The RBI is firm that a machine should not be the final boss. Regulated entities must keep human oversight — often called “human-in-the-loop,” “human-on-the-loop,” or “human-in-command.” A trained person must be able to review, override, pause, or switch off an AI decision.

The draft even warns about human weaknesses like automation bias (blindly trusting the machine), over-reliance on AI outputs, and decision fatigue. So the oversight has to be real and active, not just a name on paper.

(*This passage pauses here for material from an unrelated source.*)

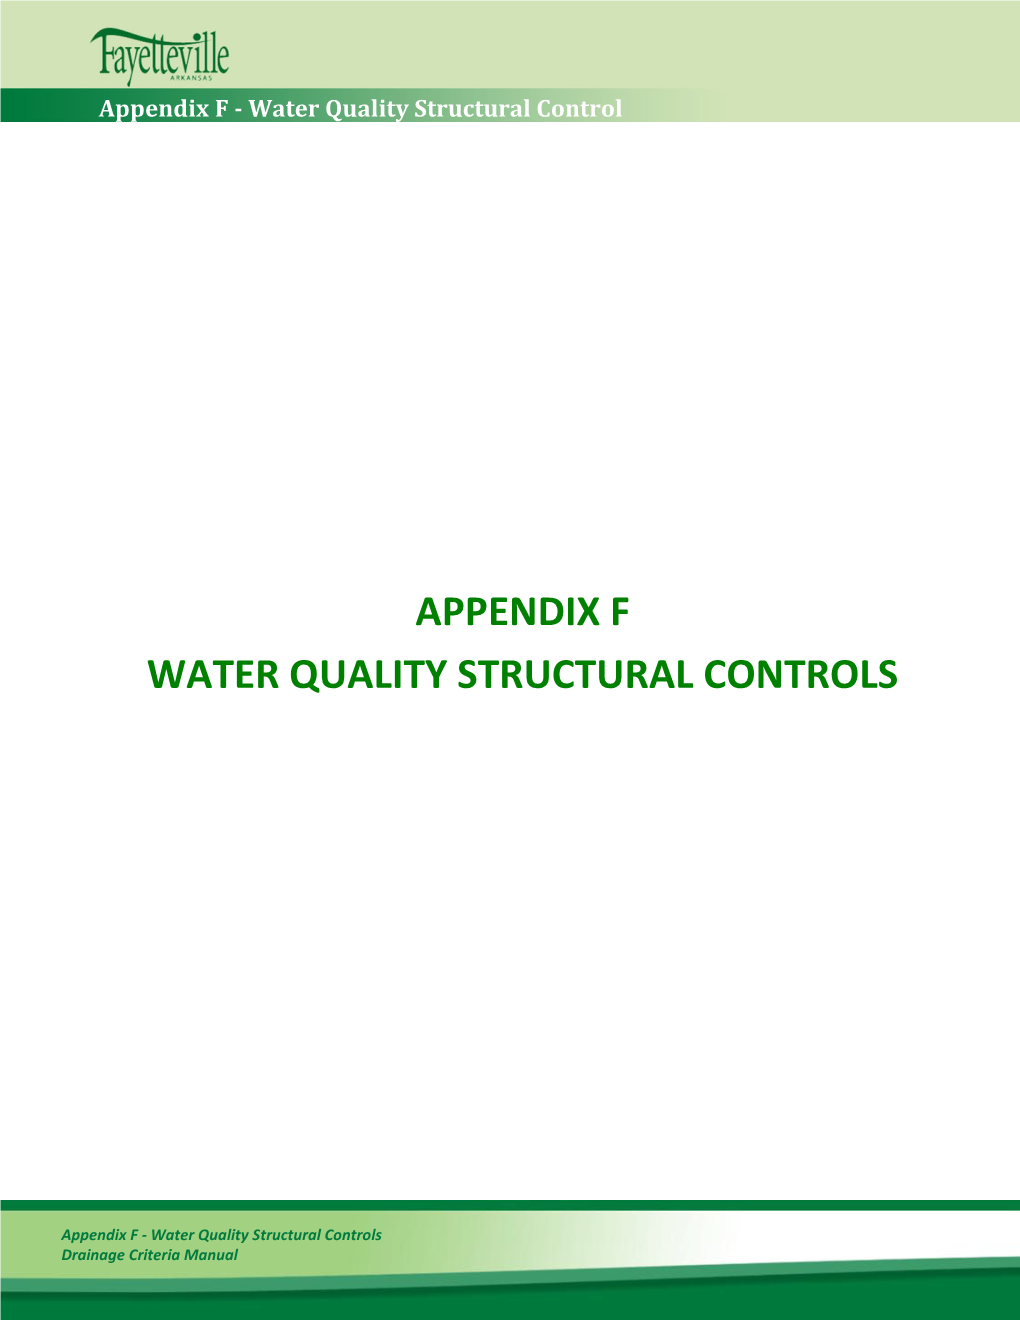 Appendix F Water Quality Structural Controls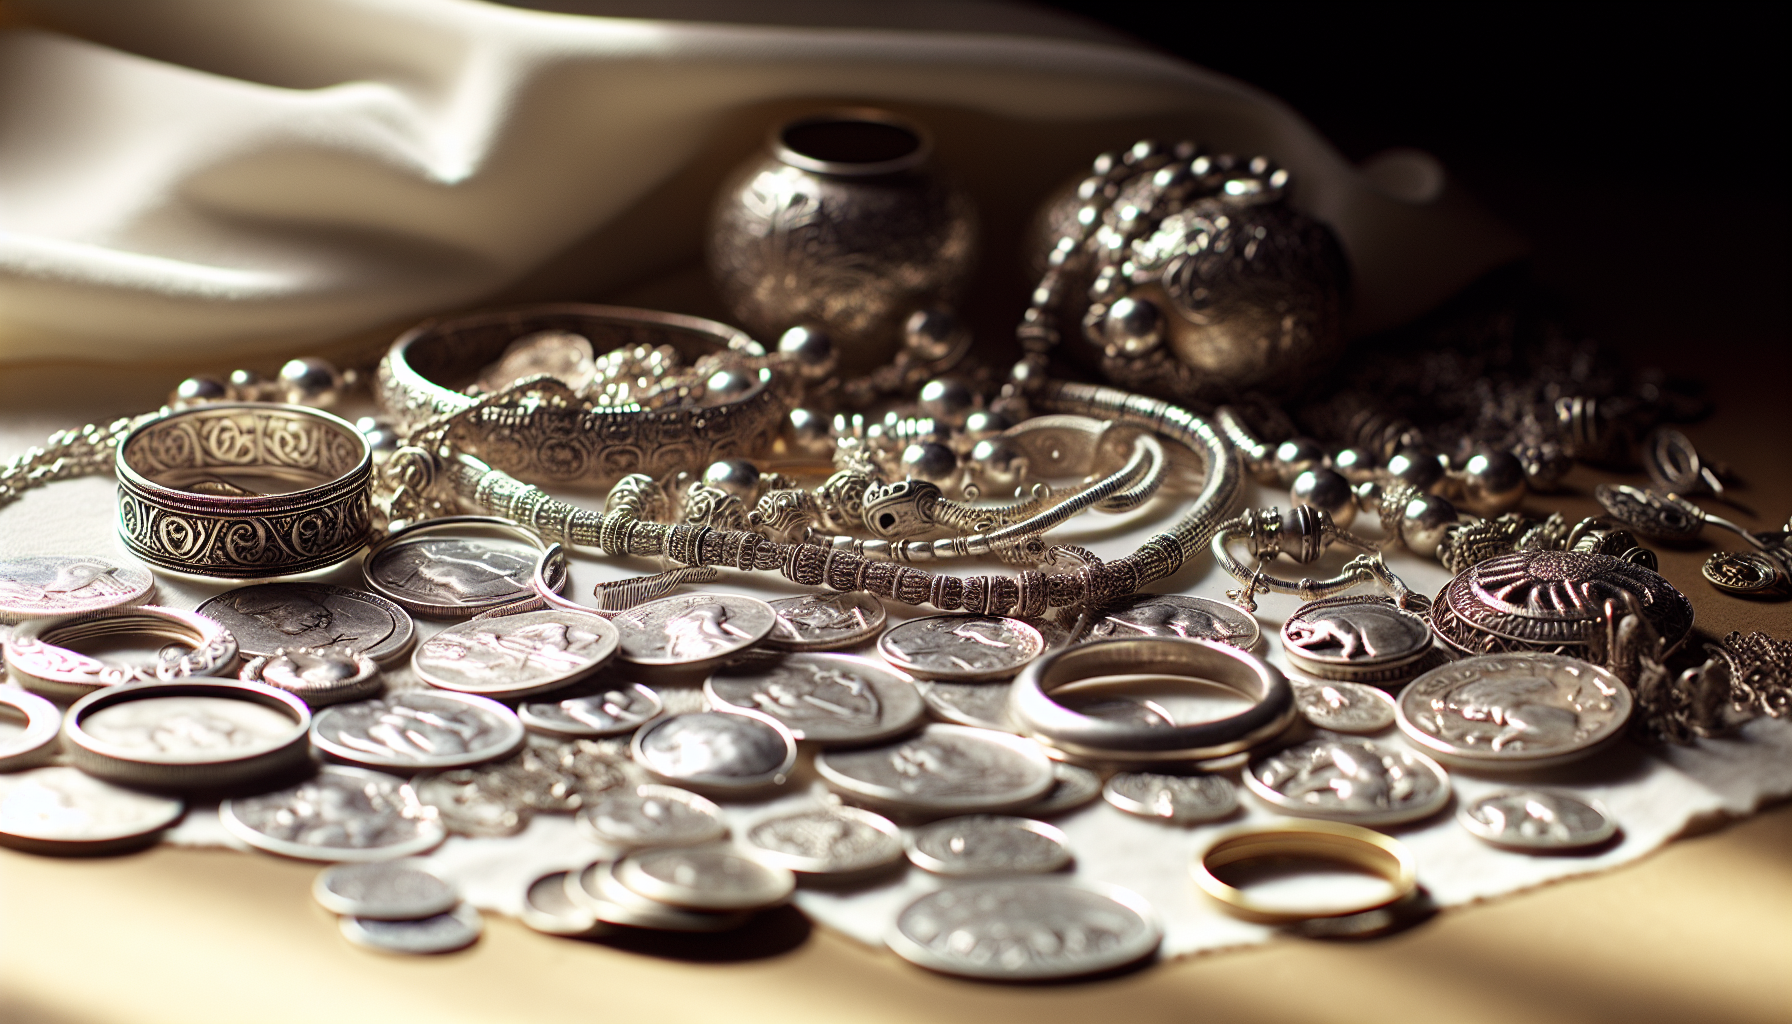 A collection of silver coins and jewelry

Why Is the RBI Doing This?

Because AI can go wrong in costly ways. The RBI Model Risk Management guidance is meant to reduce real dangers such as:

  • AI giving wrong or made-up answers (hallucinations)
  • Systems taking actions on their own without control
  • Biased or unfair decisions against certain customers
  • Hackers tricking the AI with clever inputs
  • Risks coming in through third-party AI vendors
  • Big operational breakdowns when an AI system fails at scale

One Important Point: You Can’t Blame the Vendor

Many NBFCs and small banks buy AI tools from outside companies. The draft is very clear here — outsourcing the model does not outsource the responsibility. If a bought-in AI tool makes a wrong or unfair decision, the regulated entity is still fully answerable to the RBI.

So before you sign up with any AI vendor, you must check and control what they are doing on your behalf.

What Should NBFCs and Small Banks Do Now?

The era of “deploy first, govern later” is ending. Smart, smaller players should not wait for the rule to become final. A few practical first steps:

  • Start listing every model and AI tool you already use today
  • Bring the topic to your Board and senior management
  • Check which of your models are high-risk and need urgent attention
  • Review your AI vendors and the contracts you have with them
  • Send your feedback to the RBI before the 24 July 2026 deadline

Final Thoughts

The RBI Model Risk Management guidance is a big shift. It tells every NBFC, payment bank, and small finance bank that AI resilience is now a boardroom responsibility, not just an IT task.

In the coming years, the winners will not be the ones who use AI the fastest. They will be the ones who can secure it, govern it, and recover smoothly when something goes wrong. For smaller institutions, getting ahead of this now is a real chance to build trust and stay one step ahead.

FAQ

Q1. When was the RBI Model Risk Management guidance released? It was released as a draft for public feedback on 24 June 2026.
Q2. What is the deadline to send feedback? Stakeholders can submit their comments to the RBI until 24 July 2026.
Q3. Does it apply to NBFCs and small finance banks? Yes. It covers NBFCs, payment banks, small finance banks, housing finance companies, co-operative banks, and other regulated entities.
Q4. Is only AI covered, or simple tools too? Any system that takes inputs, applies logic, and produces an output affecting business decisions is a “model” — even a spreadsheet can count.
Q5. If we buy AI from a vendor, are we still responsible? Yes. Outsourcing a model does not transfer accountability. The regulated entity remains fully answerable to the RBI.
Q6. What is a “kill switch”? It is a control that lets you quickly stop, pause, or override an AI model if it starts behaving in a harmful or unexpected way.